With all of these existing problem-causing factors, to get the classification right at least 99 times out of 100, we use machine learning. Machine learning says we’re going to stop telling the computer every little thing that might be important and ask the computer to learn what is important for itself. We still have experts and rules, but the computer has a much bigger job and can often get much better results than humans.
Machine learning: Recognizing patterns
One way we ask the computer to solve this problem for us is to give it the product images and ask the computer to find patterns in those images. Once it’s ready, the computer can identify differences that humans might miss.

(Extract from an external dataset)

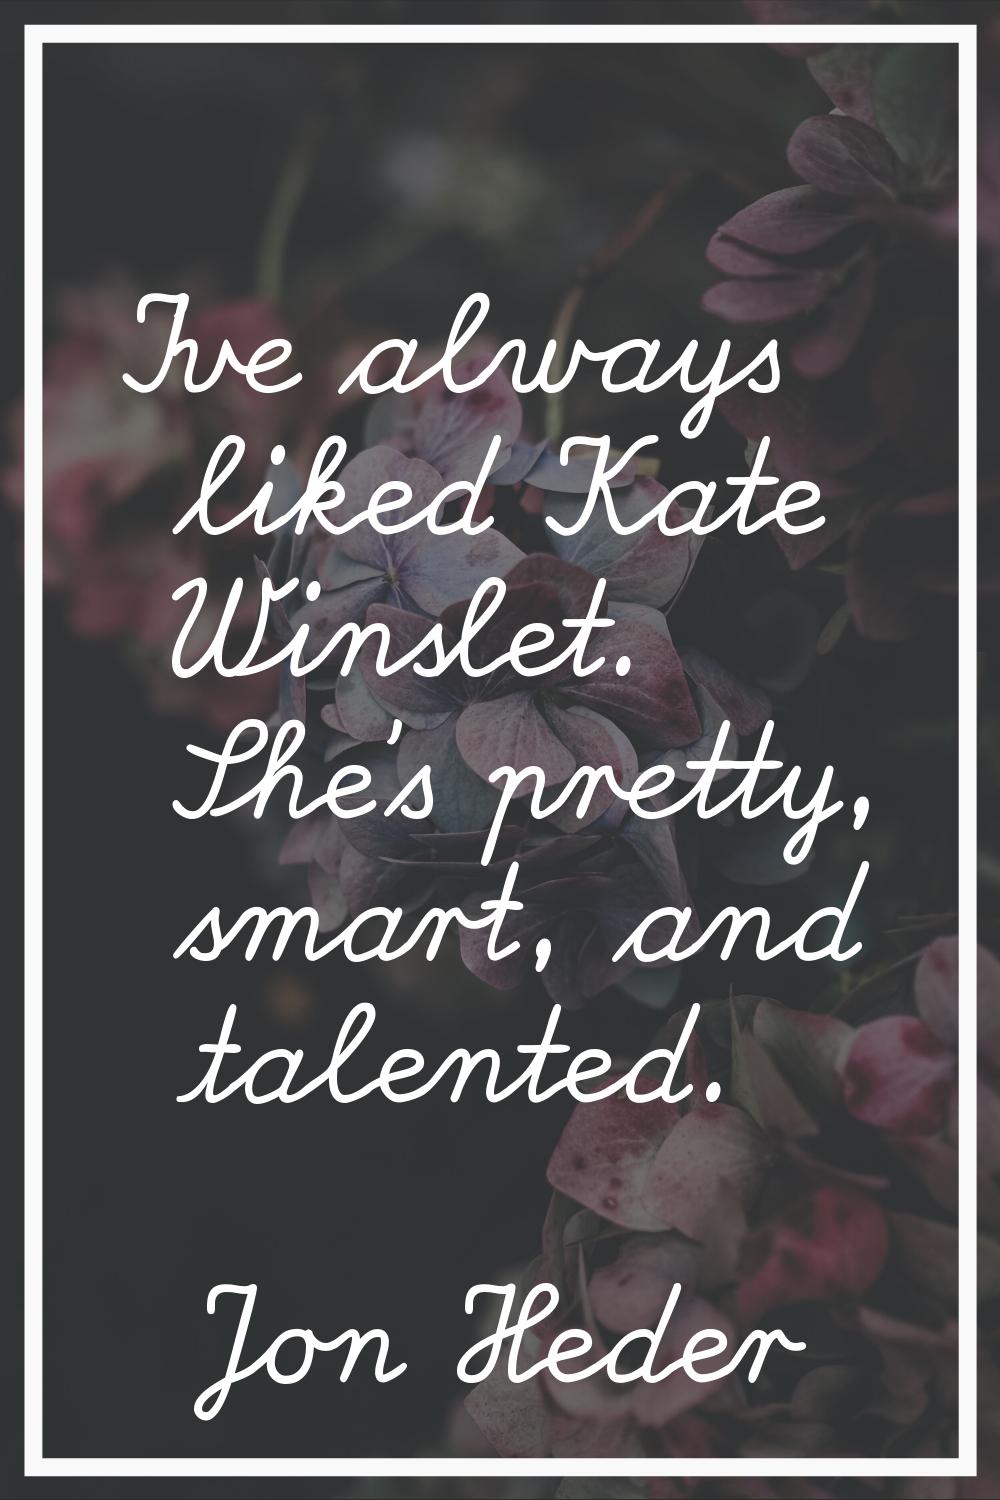 I've always liked Kate Winslet. She's pretty, smart, and talented.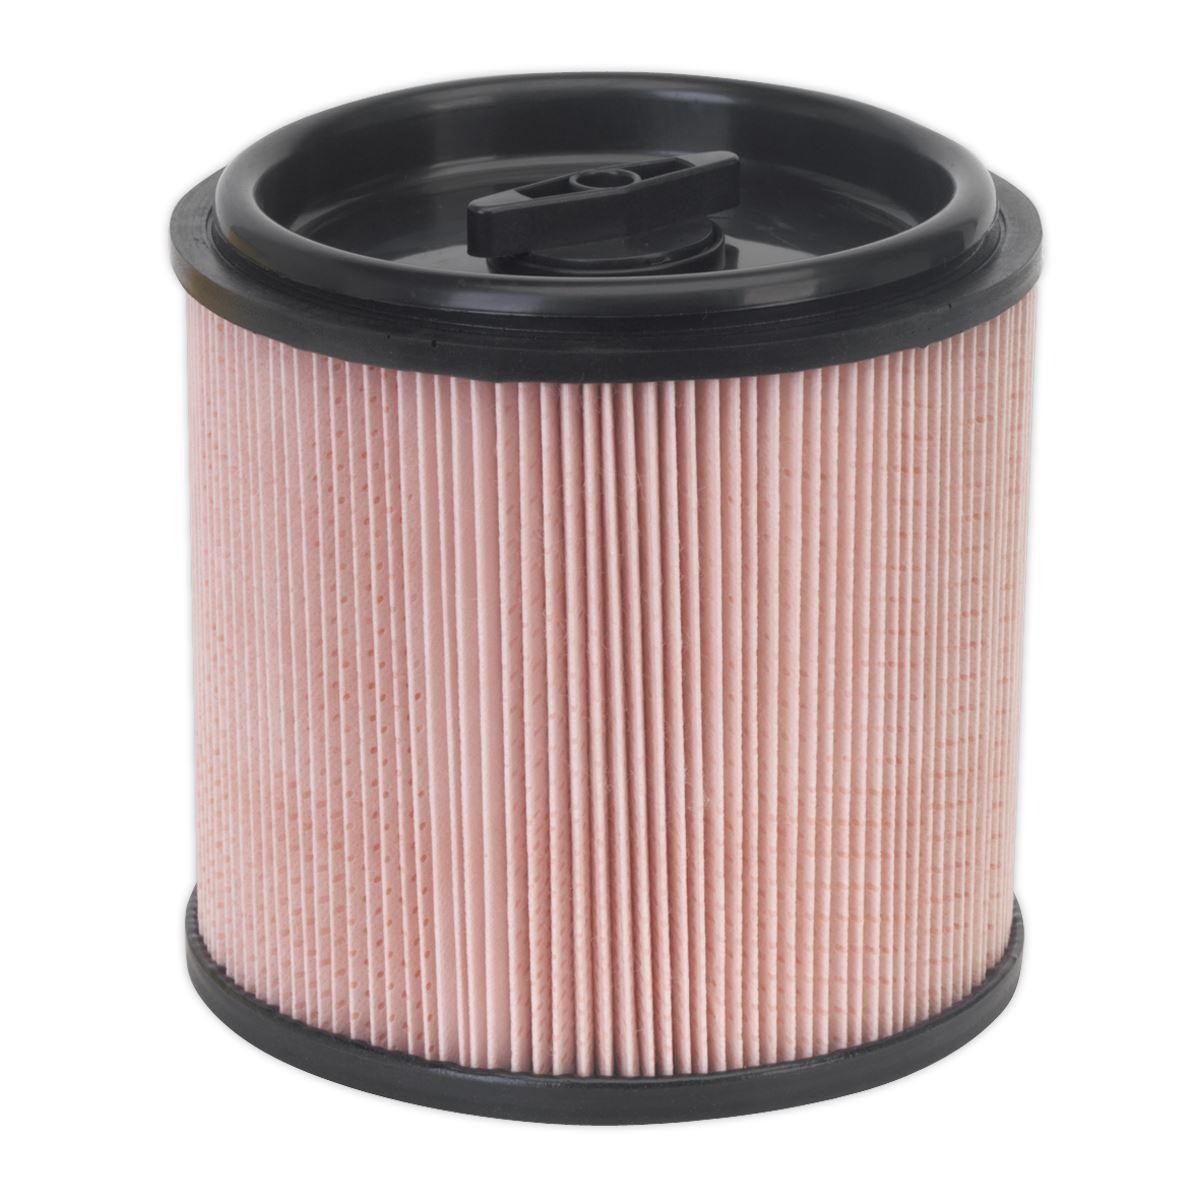 Sealey Cartridge Filter for Fine Dust for PC200 & PC300 Series

Here is an example of auto headlights. Given thousands of pictures of auto headlights, I asked the computer to organize them by how different the images are from each other. I didn’t tell the computer anything about the images. When it did this, the computer decided there were three or four different kinds of images commonly used to sell an auto headlight. Examples of each type of product image look like this:
In these images, there are two shapes of auto headlights and one that is on a car. If I look at other images in each group, I see that each group is filled with images that are similar. If auto part stores started selling auto headlights with pictures of the box, machine learning tools would notice and adapt automatically. I use this information for thousands of different product categories across millions of products.
Often the machine learning tools can notice patterns humans miss. For example, a motorcycle headlight looks slightly different than an auto headlight; or, a beauty product is often sold with a woman holding the item near her face, or an expensive item of clothing is often placed on a model and a cheaper item is often placed on a mannequin or just folded on a table. These seem like easy patterns and details to notice once I notice them, but they are actually quite easy to miss.
The machines can learn common sense as well. If a store focuses on health and beauty products, we know the flowers and grapes that are in some of the product images aren’t being sold; they’re just decorative. Or if a semi-truck is being sold for $24.99, it’s probably a toy truck or a t-shirt. These common sources of confusion are treated by the machine more or less the same as you or I would treat them. The more the system is used, the more it improves.
We can teach the machines to learn from our mistakes. After a classification confuses the grapes or the flowers in the image the first time, it can be taught to ignore these irrelevant, decorative items and focus on the tub of beauty cream in the center of the image. This comes up often when something is new. We can always bring a human classifier in to look at difficult or new problems.
Having the computer look for patterns and an expert review those patterns is a great way to get more products shipped with less trouble. At the end of the day, this creates confidence. Sending a product across borders shouldn’t require that you know everything that goes into the effort; but knowing that the work has been done, you can trust that our classification system is an important tool to grow your business.